В избу протиснулся русского вида молодой мужик в драном бараньем тулупчике, в шлычке. Вывалил у печки охапку дров, услужливо, как ясырь, стал подбрасывать их в огонь. Пламя высветило лицо в негустой курчавившейся по щекам бороде. Иван в недоумении окрикнул:
— Угрюмка?
Человек боязливо вздрогнул, оглянулся и узнал брата.
Атаман с есаулом опять захохотали.
— Оттого и узнали тебя так скоро, что ведем тебе кабального брата.
— Отчего кабальный-то? — Иван схватил Угрюма за руку и усадил рядом с собой.
— Был в бухарском плену! — неохотно признался тот. — Долго рассказывать, — отмахнулся, пугливо озираясь.
Толпа в избе злобно и язвительно зашипела. Из угла кто-то бросил:
— Магометане православного по добру не отпустят! Или ятра44 вырежут, или зад нарушат. А мы, по милосердию, его в избу пускаем.
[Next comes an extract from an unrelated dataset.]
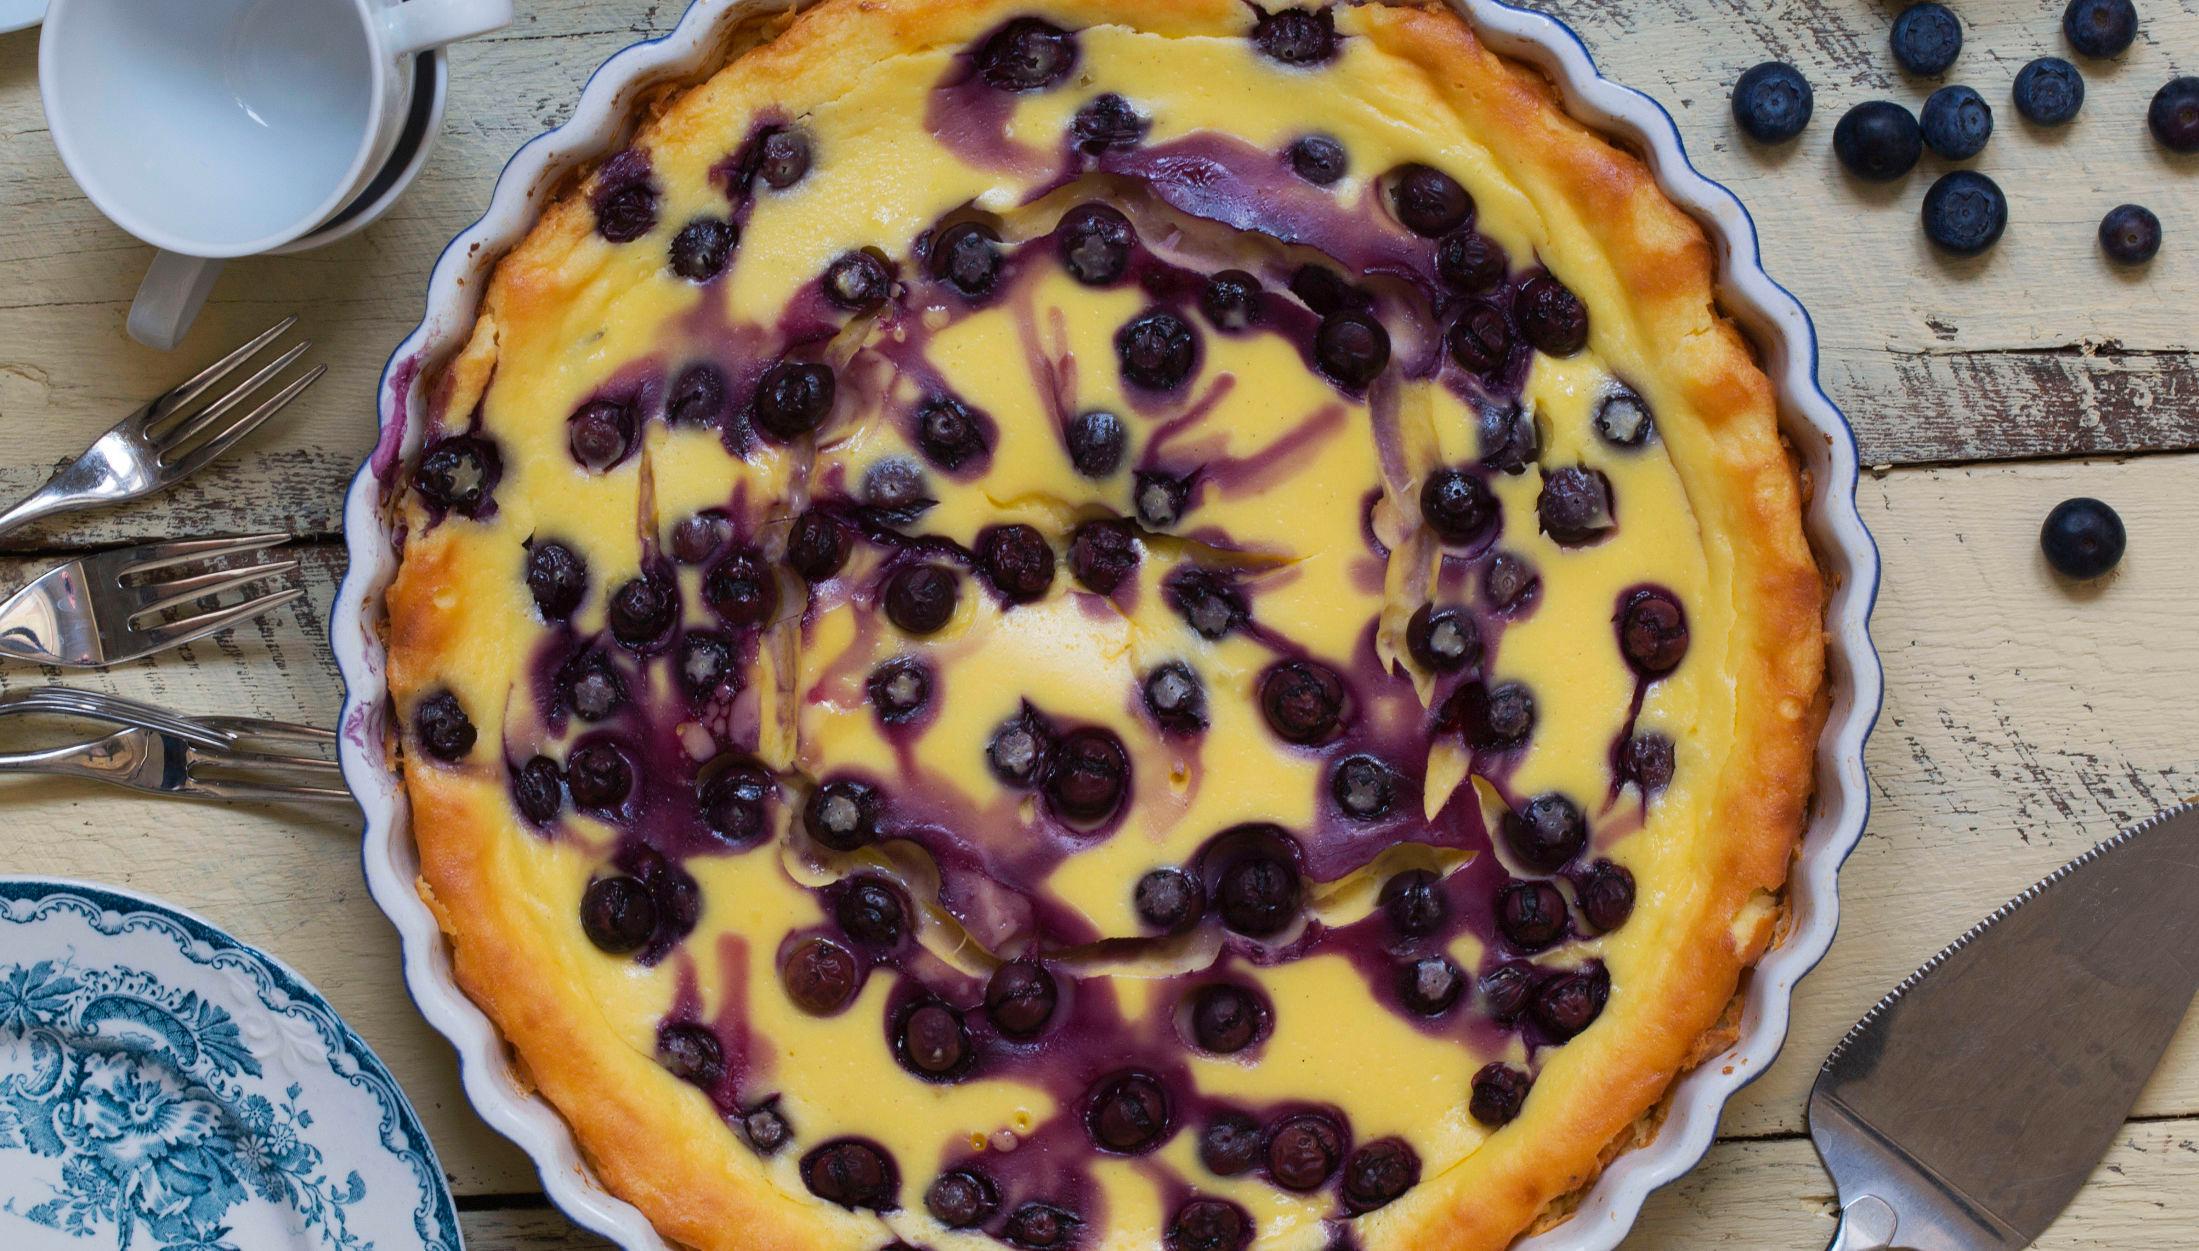 HØSTGODT: En superenkel, ovnsbakt ostekake er en av de beste måtene å servere høstens blåbær på - kaken er like god med plommer og epler også. Foto: Aicha Bouhlou.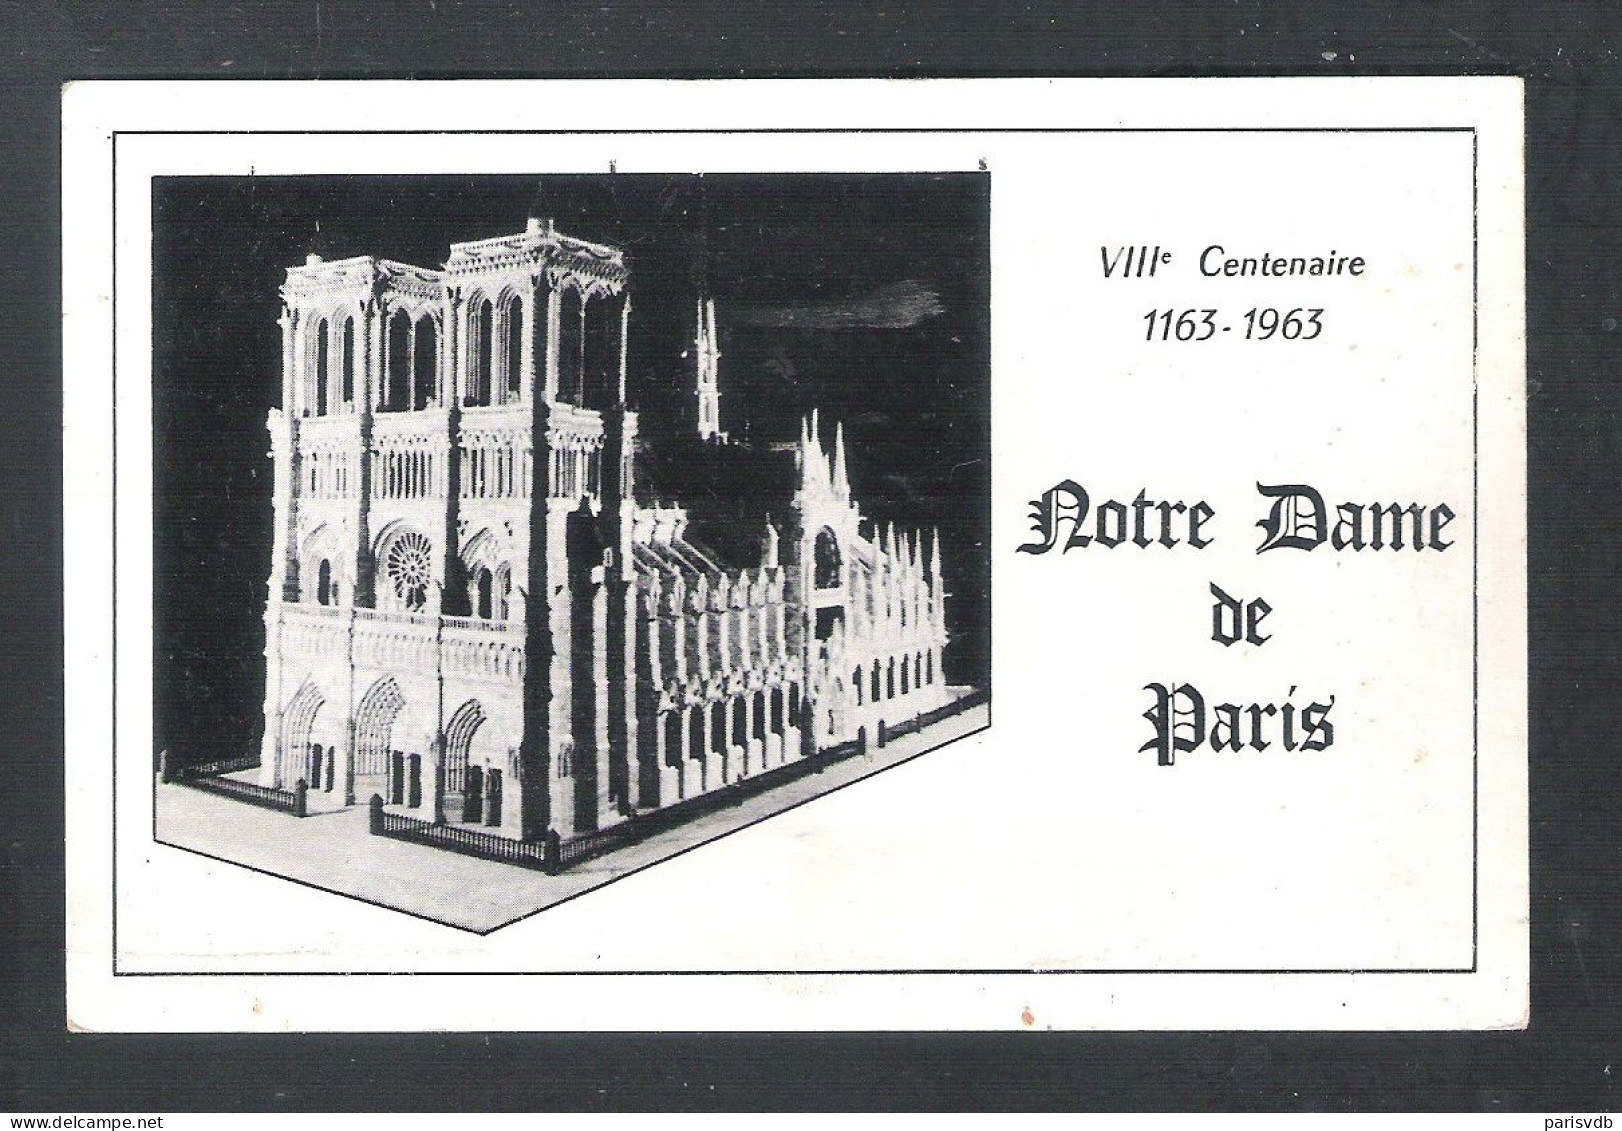 PARIS - NOTRE DAME DE PARIS - VIIIe CENTENAIRE  1163 - 1963   (FR 20.209) - Notre Dame Von Paris

Глаза у Ивана полезли на лоб. Он испуганно взглянул на брата. Тот, обидчиво мигая, замотал головой. Под вспухшими веками замерцали горючие, настрадавшиеся глаза. Заговорил торопливо, цепляясь потрескавшимися пальцами за рукав Ивана:
— Выкупил и отпустил меня бывший русский, принявший магометанство. А Лука Васильев, татарин-выкрест, что у вас на кружечном дворе служил, был там в посольстве. Он вывез меня из Бухарского царства и объявил ложно, что купил. Казаки Бунаковы ради дружбы с тобой меня у него выкупили. Дали десять рублей. Не кабальный я, должник! — выкрикнул Угрюм, озирая злорадствующий сброд. Видно, в пути претерпел много унижений от этих людей.
— Далеко пошел кабацкий сиделец! — процедил сквозь зубы Иван.
— Нынче в сынах боярских служит! — поддакнул Григорий.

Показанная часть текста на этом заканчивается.